Au cours de mission Alpha, l’astronaute Thomas Pesquet va réaliser à bord de la Station spatiale internationale (ISS) deux expériences toulousaines avec le Physarum polycephalum ou “blob”, organisme monocellulaire aux capacités d’apprentissage étonnantes. L’éthologue Audrey Dussutour a imaginé avec l’aide du CNRS et du Cnes l’opération “Blob-Terre”, qui va permettre à au moins 4500 classes de niveau primaire, collège ou lycée de répliquer les protocoles au sol. Un événement qui cache, au-delà de l’aspect éducatif, un objectif scientifique ambitieux pour étudier l’impact du changement climatique.

Par Fleur Olagnier, journaliste scientifique. Publication de la série Les sciences en apesanteur.

Le “blob”, de son nom scientifique Physarum polycephalum, est une cellule géante dépourvue de cerveau mais capable de se déplacer, d’apprendre et de communiquer avec ses semblables. Cet organisme fascinant fait l’objet de nombreuses recherches, dont celles menées depuis 2008 par Audrey Dussutour, chercheuse CNRS au Centre de recherches sur la cognition animale.
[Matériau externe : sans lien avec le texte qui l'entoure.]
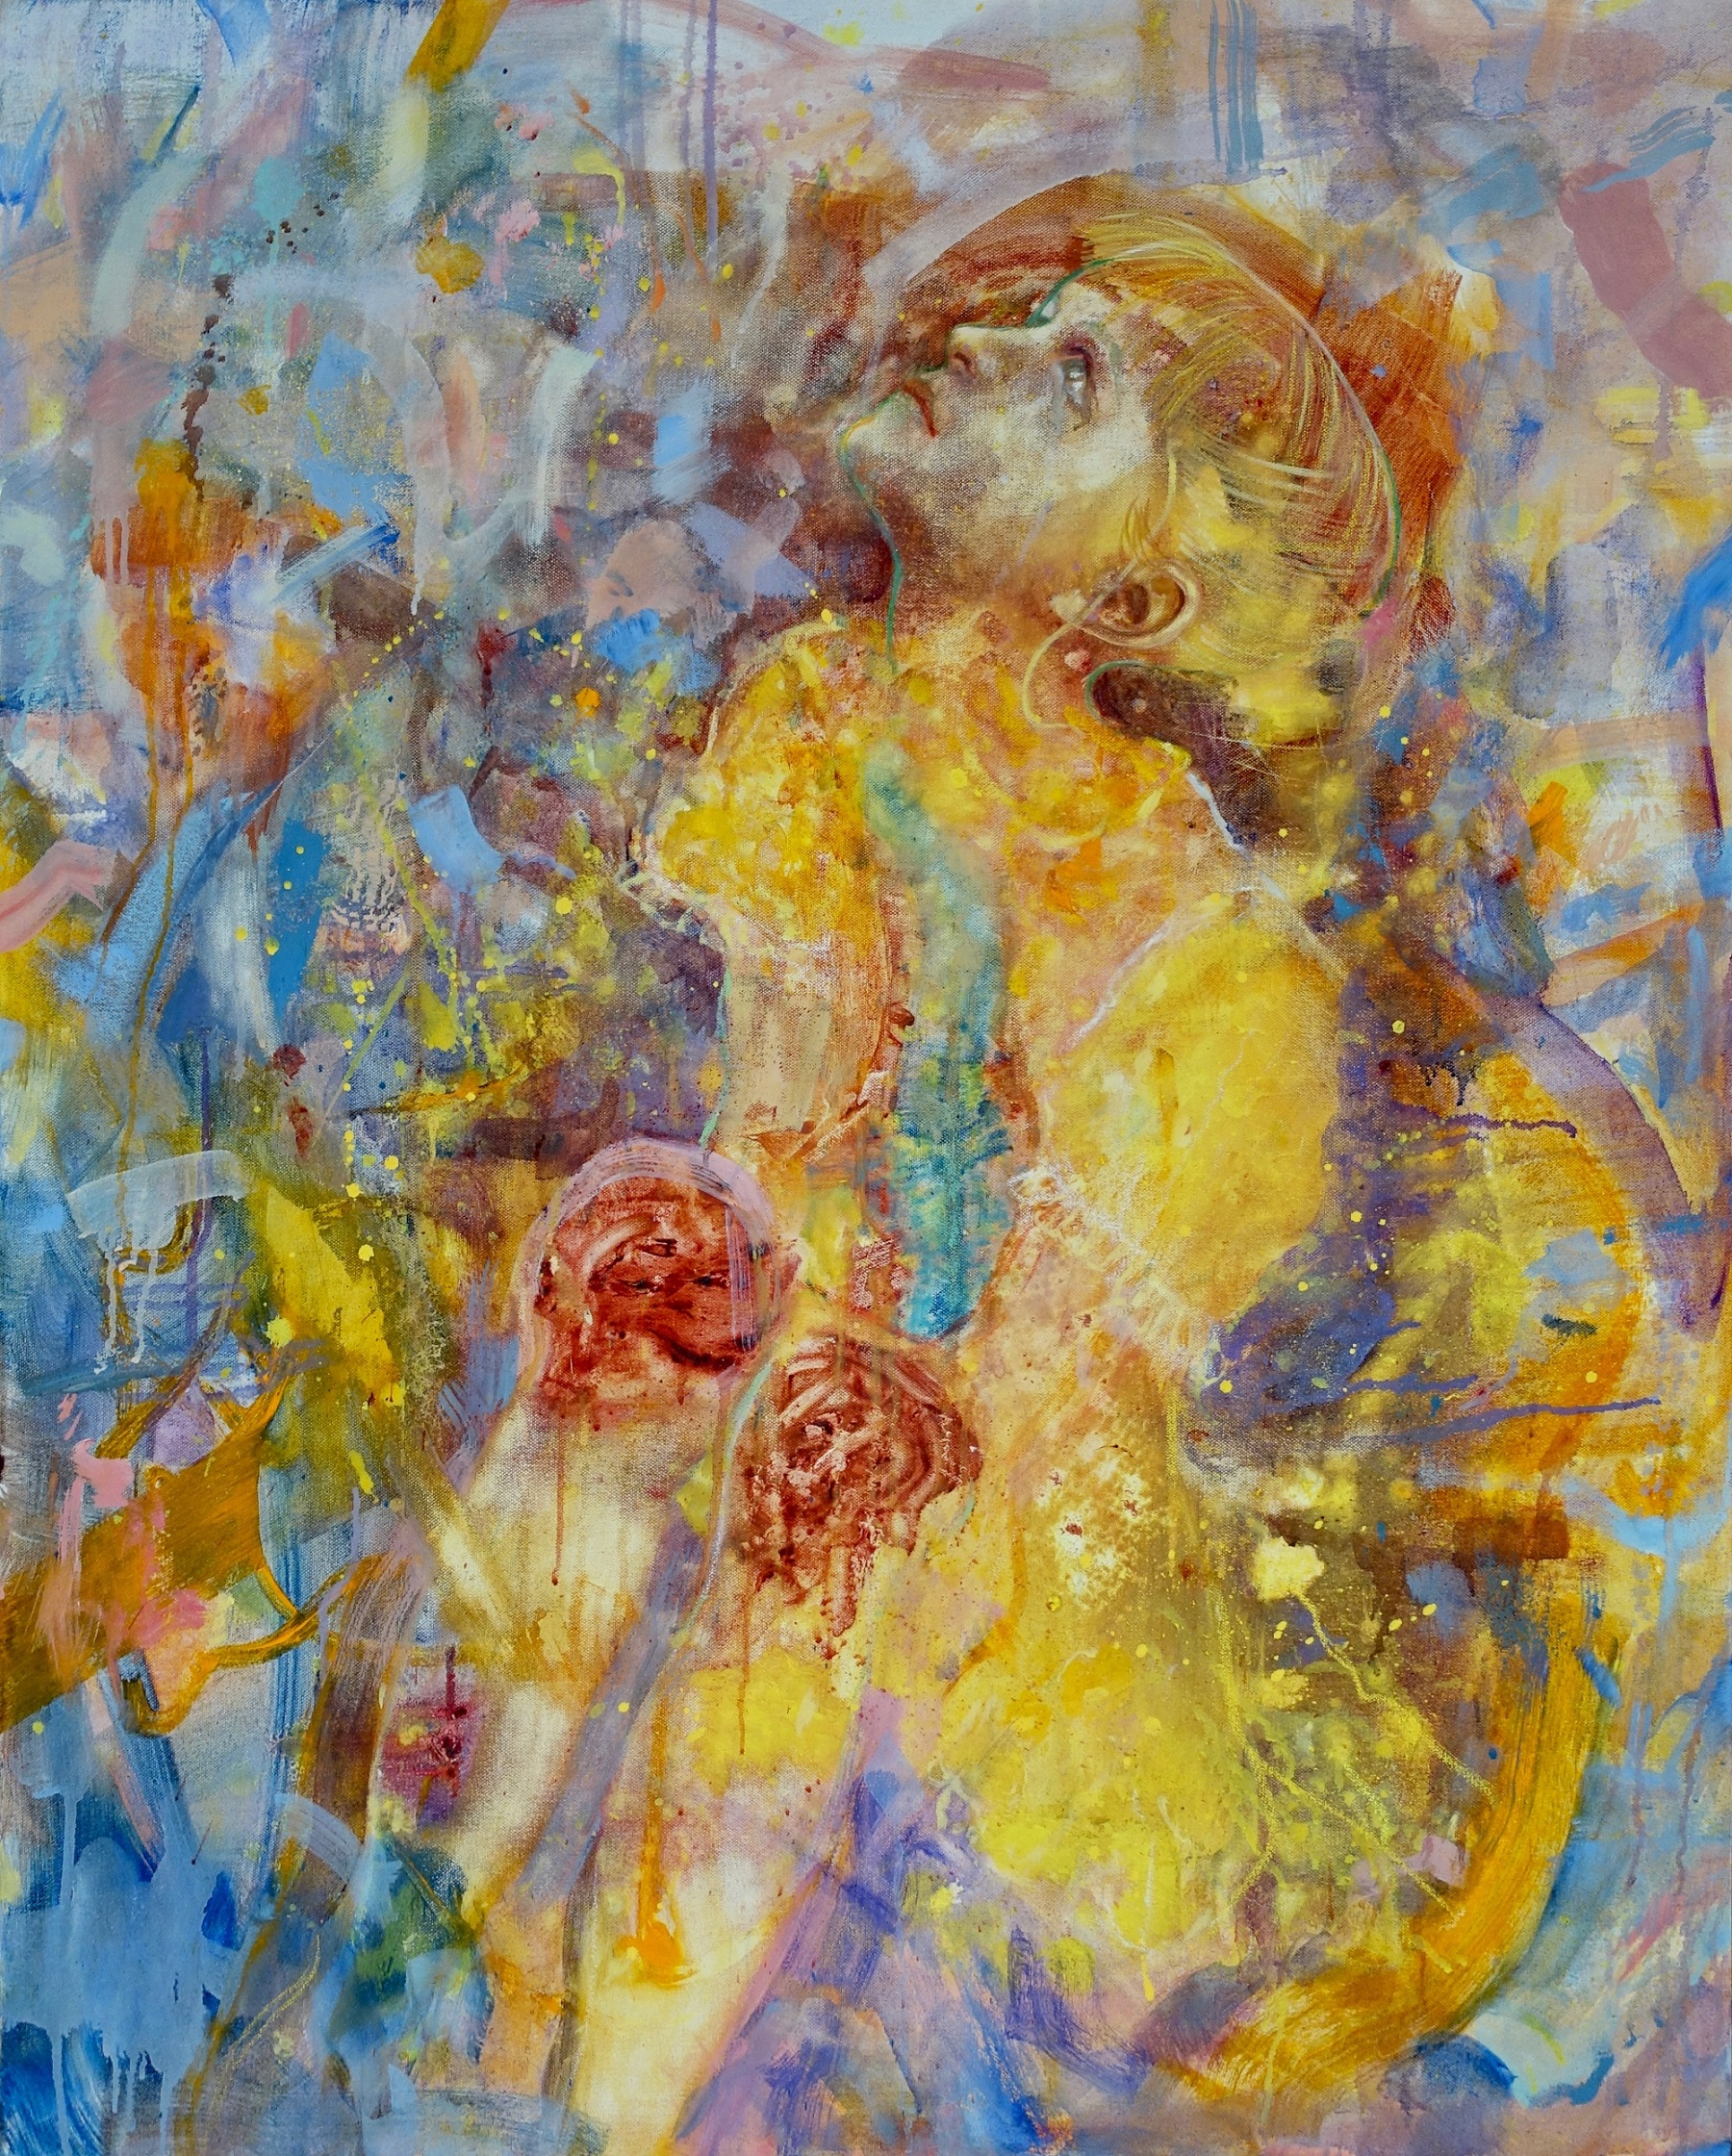 The playground, 2019 Jennifer Nieuwland Oil on canvas, 100 x 80 cm
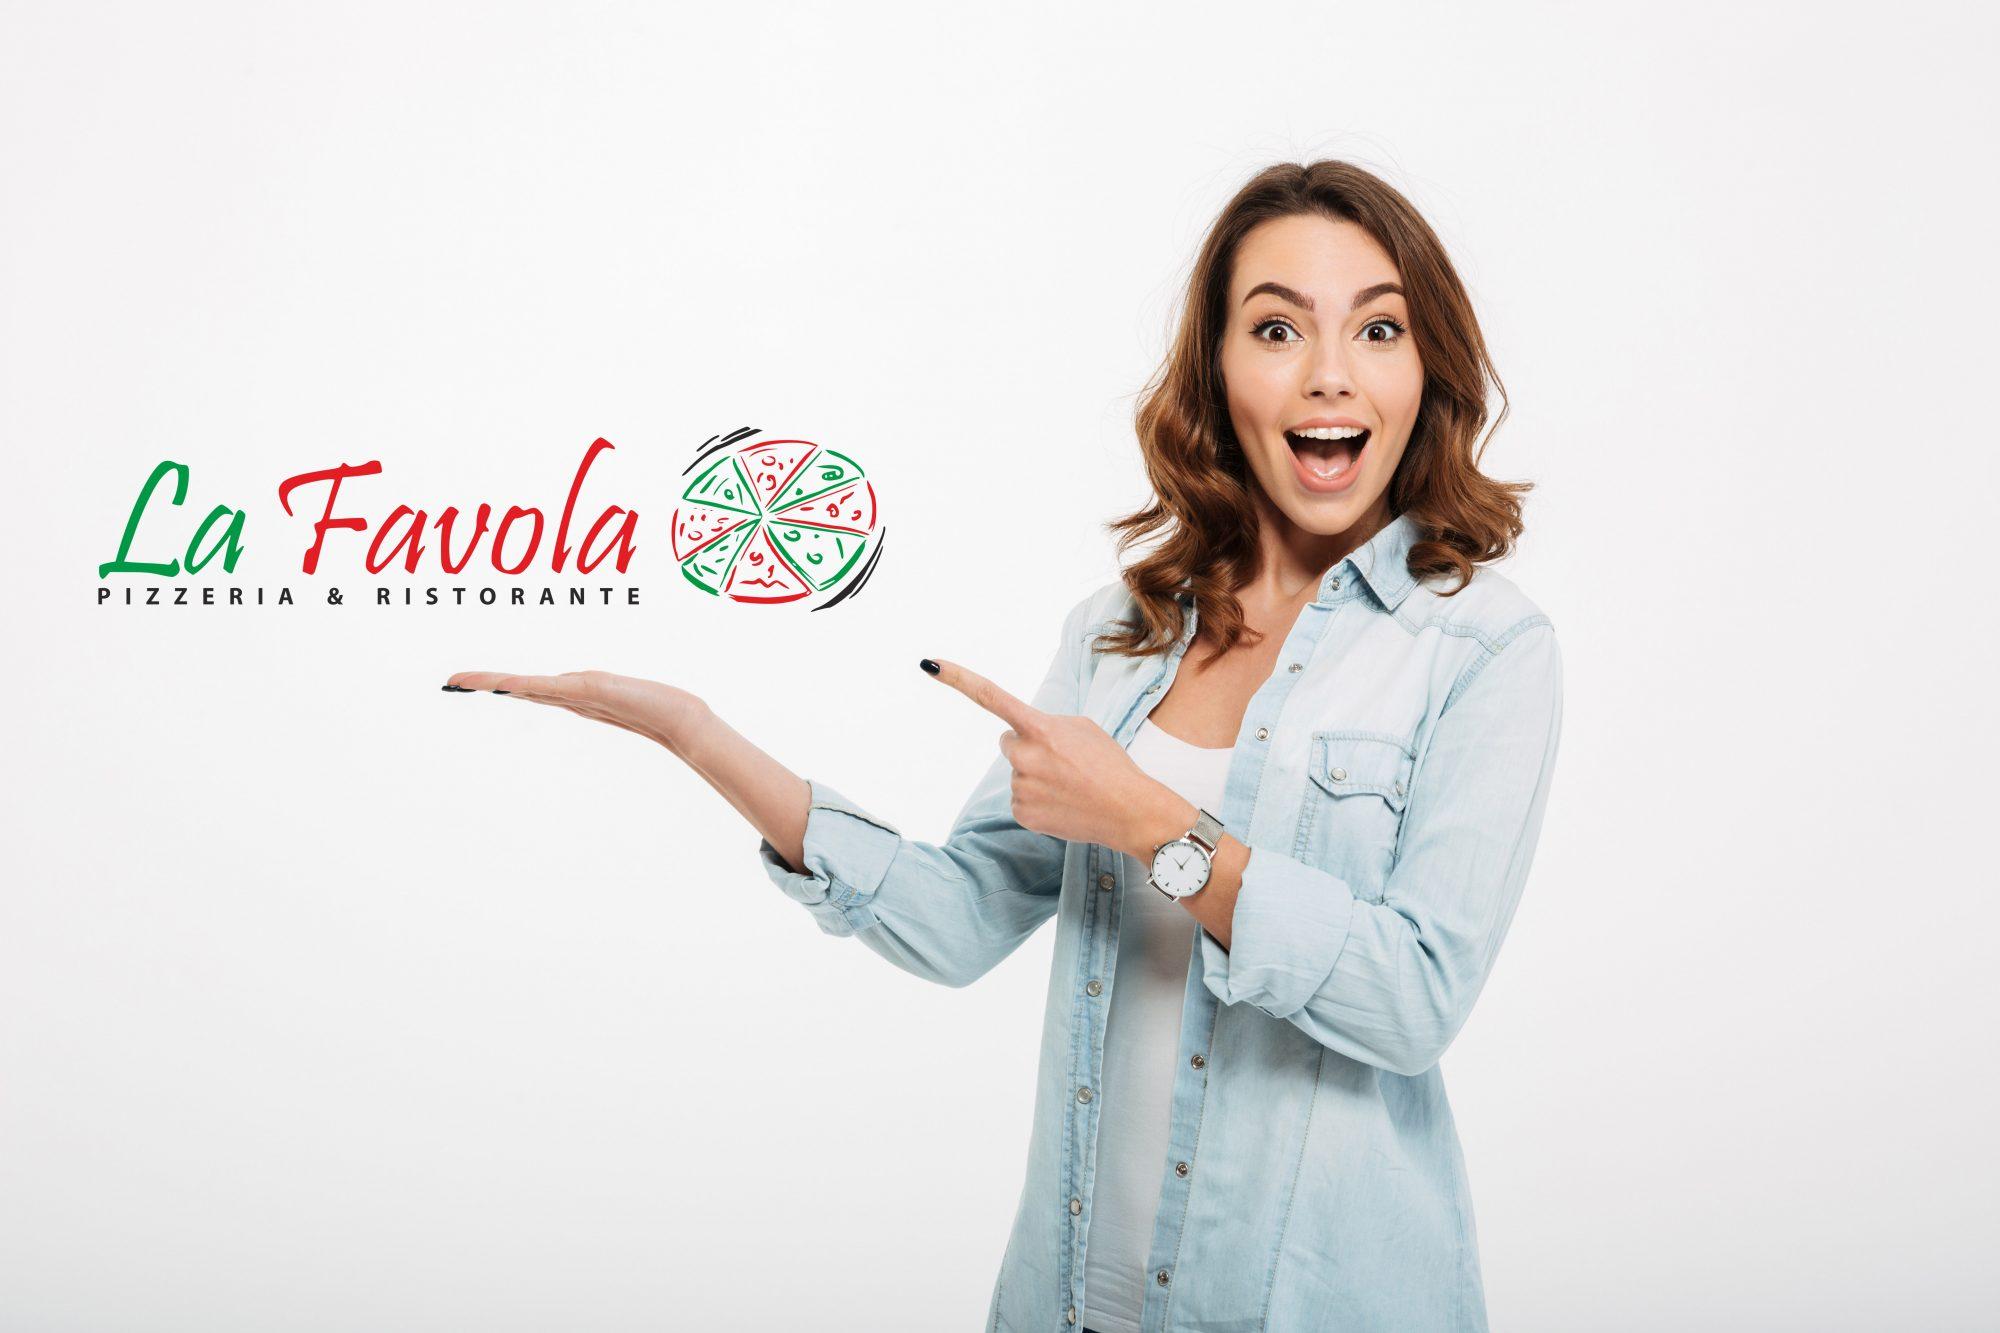 Case study: Pizzeria La Favola

L’éthologue a élaboré deux expériences autour du blob qui vont être réalisées début octobre par Thomas Pesquet dans la Station spatiale internationale (ISS). Dans la première baptisée “Exploration”, deux cellules géantes qui auront voyagé “endormies” seront “réveillées” par réhydratation et placées chacune dans une arène vide, afin d’observer les changements de forme, les vitesses de déplacement et de ré-endormissement. Dans la seconde expérience “Exploitation”, deux blobs seront réveillés en présence de nourriture, chacun au milieu de quatre flocons d’avoine : quel trajet vont-ils emprunter ?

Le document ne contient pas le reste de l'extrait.